In re Fogel

OPINION OF THE COURT

Per Curiam.

Petitioner, the Departmental Disciplinary Committee, moves pursuant to 22 NYCRR 603.4 (e) (1) (iii) for an order *32suspending respondent from the practice of law forthwith based upon uncontested evidence of serious professional misconduct. Respondent, Mark H. Fogel, was admitted to the practice of law in the State of New York by the Second Judicial Department on May 6, 1981 under the name Mark Howard Fogel. At all times pertinent to this proceeding respondent has maintained an office for the practice of law within the First Judicial Department.

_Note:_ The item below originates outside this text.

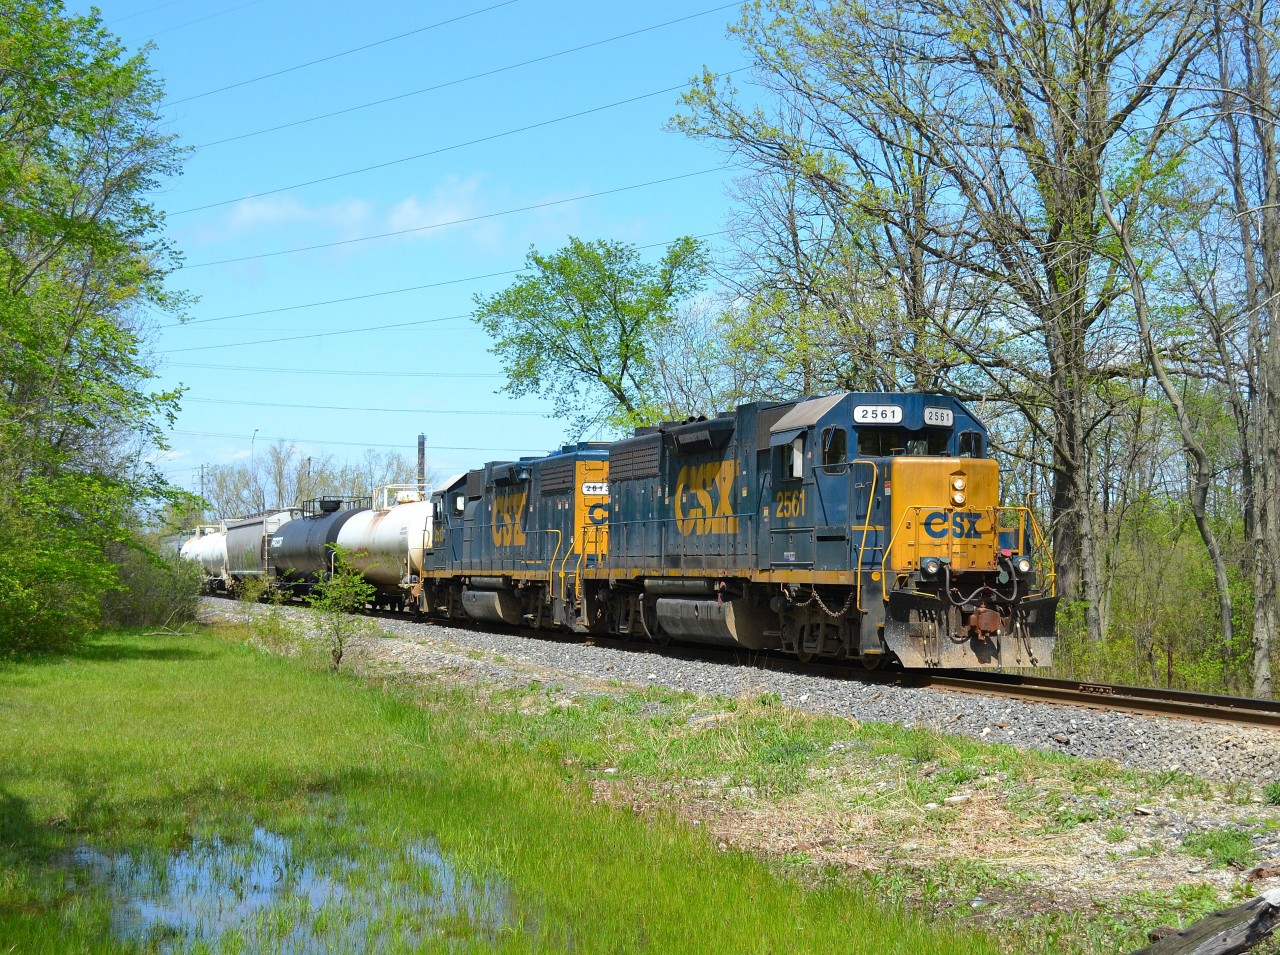 Thr Sarnia CSX local heads south on the St Clair River Industrial Spur just after doing work in the CN Sarnia Yard.

Respondent, and others, have been indicted by a New York County Grand Jury for the crimes of, inter alia, grand larceny in the first degree, criminal possession of stolen property in the first degree and perjury in the third degree. Pursuant to an order by the Supreme Court, County of New York, petitioner was granted access to documentary evidence which had been presented to the Grand Jury. Specifically, petitioner argues that this evidence, unchallenged on this motion, demonstrates that respondent, in his capacity as president of the general partner of JEM Parking Partners, Limited Partnership JEM V (JEM V), improperly removed funds held in escrow on behalf of JEM V investors, commingled these monies in another bank account he controlled, and subsequently converted and used them without permission for, inter alia, the payment of his, his wife Debra Fogel’s and his business partners’ personal expenses. Petitioner further argues that the evidence establishes that respondent lied to investors regarding the status of their investments. Thus, petitioner claims, respondent has engaged in conduct involving dishonesty, fraud, deceit, or misrepresentation in violation of Code of Professional Responsibility DR 1-102 (A) (4) (22 NYCRR 1200.3).

A copy of petitioner’s motion to suspend was served upon respondent’s attorney, Sylvia Goldblatt, Esq., by mail on December 27, 1994. Thereafter, petitioner was notified that respondent had retained new counsel, Jonathan Marks, Esq., and the matter was adjourned at respondent’s request until January 20, 1995. An untimely response to the motion was filed by respondent, pro se, on February 21, 1995.

Respondent’s unsworn, untimely response to the motion to suspend his license to practice law is devoid of any evidence which rebuts the petitioner’s substantive claims concerning his improper use of investors’ funds. Furthermore, it should be noted that respondent’s answer to the disciplinary charges directs this Court to the allegations made in the affirmation of his former counsel in the criminal proceedings. However, *33these allegations directly contradict respondent’s position in these disciplinary proceedings.

Regardless of whether these statements constitute further evidence of dishonest conduct by respondent, as urged by petitioner, the respondent’s response to the motion to suspend is insufficient to overcome the substantial evidence presented by the petitioner of respondent’s misconduct. 22 NYCRR 603.4 (e) (1) provides as follows:

"An attorney who is the subject of an investigation, or of charges by the Departmental Disciplinary Committee of professional misconduct, or who is the subject of a disciplinary proceeding pending in this court against whom a petition has been filed pursuant to this section, or upon whom a notice has been served pursuant to section 603.3 (b) of this Part, may be suspended from the practice of law, pending consideration of the charges against the attorney, upon a finding that the attorney is guilty of professional misconduct immediately threatening the public interest. Such a finding shall be based upon * * *
"(iii) other uncontested evidence of professional misconduct”.

In this matter, the documentary evidence and bank statements obtained by the Disciplinary Committee from the New York County Grand Jury which investigated respondent’s investment schemes, indicate that respondent has improperly commingled monies and then used it to pay for unrelated personal expenses. The evidence therefore establishes that respondent has engaged in serious professional misconduct warranting his immediate suspension from the practice of law. (See, Matter of Haley, 150 AD2d 119.)

Accordingly, petitioner’s motion pursuant to 22 NYCRR 603.4 (e) (1) (iii) is granted. Respondent is suspended from the practice of law, effective immediately, and until such time as the disciplinary matters before the Departmental Disciplinary Committee have been concluded and until further order of this Court.

Wallace, J. P., Rubin, Ross, Asce and Mazzarelli, JJ., concur.

Motion granted and respondent suspended from practice as an attorney and counselor-at-law in the State of New York, effective immediately.